The error ptxas returned an error during compilation of ptx to sass typically indicates an issue with the CUDA or cuDNN installation, compatibility between the versions of CUDA, cuDNN, and TensorFlow, or system configuration.

Here are some steps to troubleshoot and resolve the issue:

  1. Check Compatibility:
    Ensure that the versions of TensorFlow, CUDA, cuDNN, and Python you are using are compatible.

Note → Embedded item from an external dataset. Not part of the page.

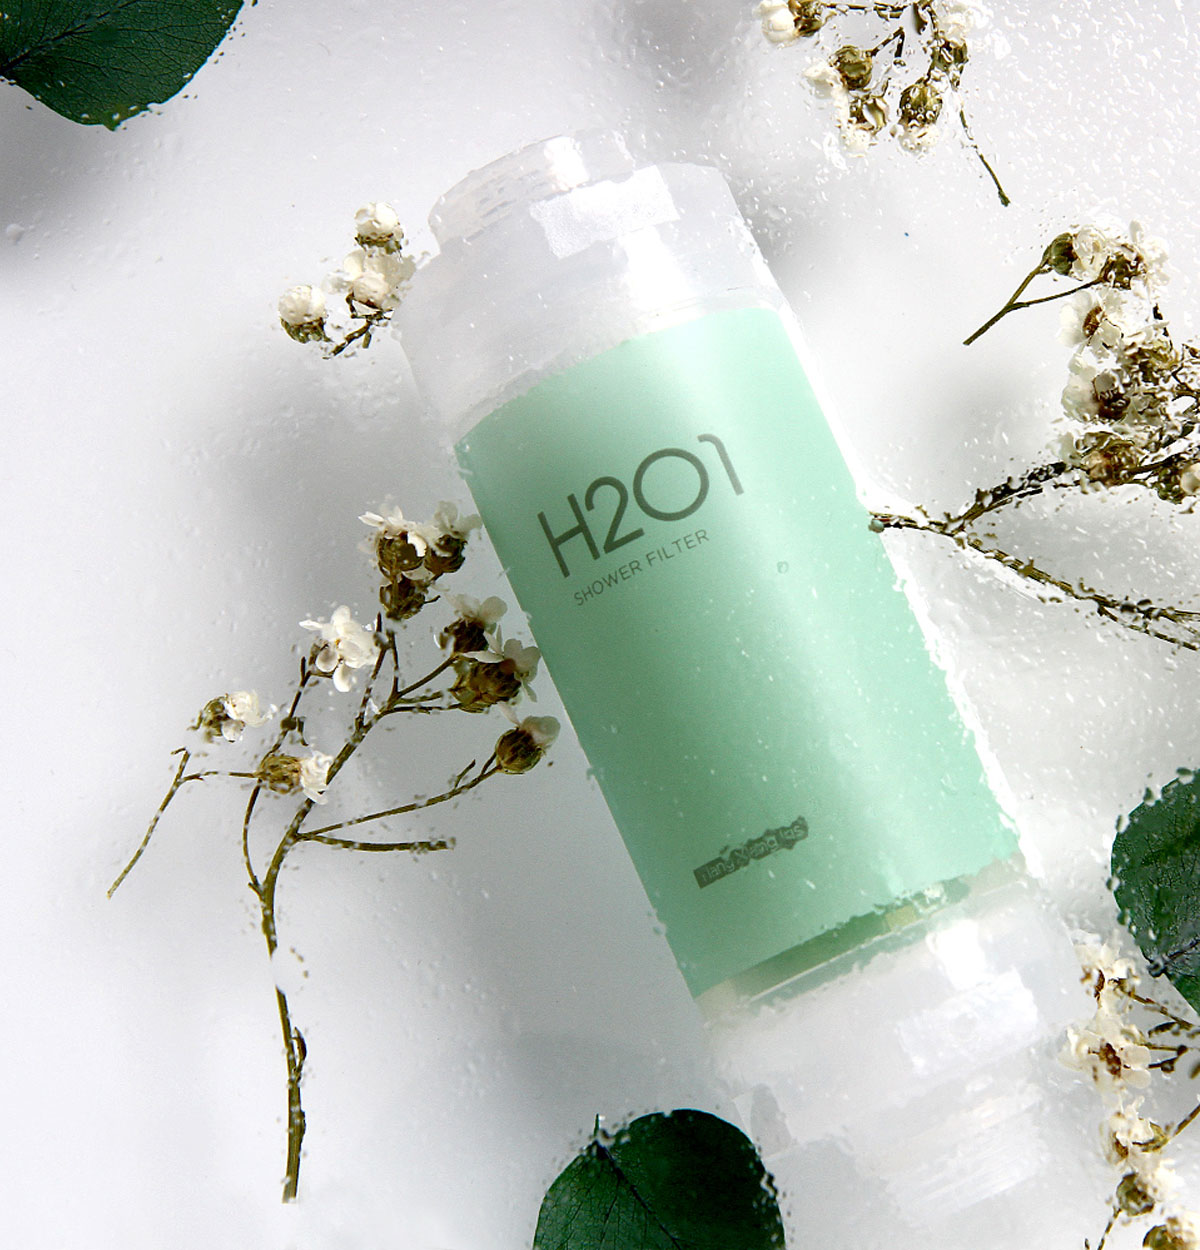 H2O1 Vitamin Shower Filter วิตามินสำหรับอาบน้ำ กลิ่นดอกอิลังอิลังไอริช

For TensorFlow 2.7.0, CUDA 11.2 and cuDNN 8.1 are recommended. For TensorFlow 2.10.0, CUDA 11.2 and cuDNN 8.1 are also compatible.

    You can check the official TensorFlow compatibility guide here: TensorFlow Compatibility Guide.

  2. Verify Installation:
    Make sure that CUDA and cuDNN are correctly installed and that the paths are properly set in the environment variables. For example:

    • CUDA_HOME should point to the CUDA installation directory.
    • LD_LIBRARY_PATH should include the paths to CUDA and cuDNN libraries.
    • PATH should include the path to CUDA binaries.
  3. Check GPU Availability:
    Verify that TensorFlow is recognizing your GPU. Run the following code:

    import tensorflow as tf
    print("Num GPUs Available: ", len(tf.config.list_physical_devices('GPU')))
    

    This should output the number of GPUs available.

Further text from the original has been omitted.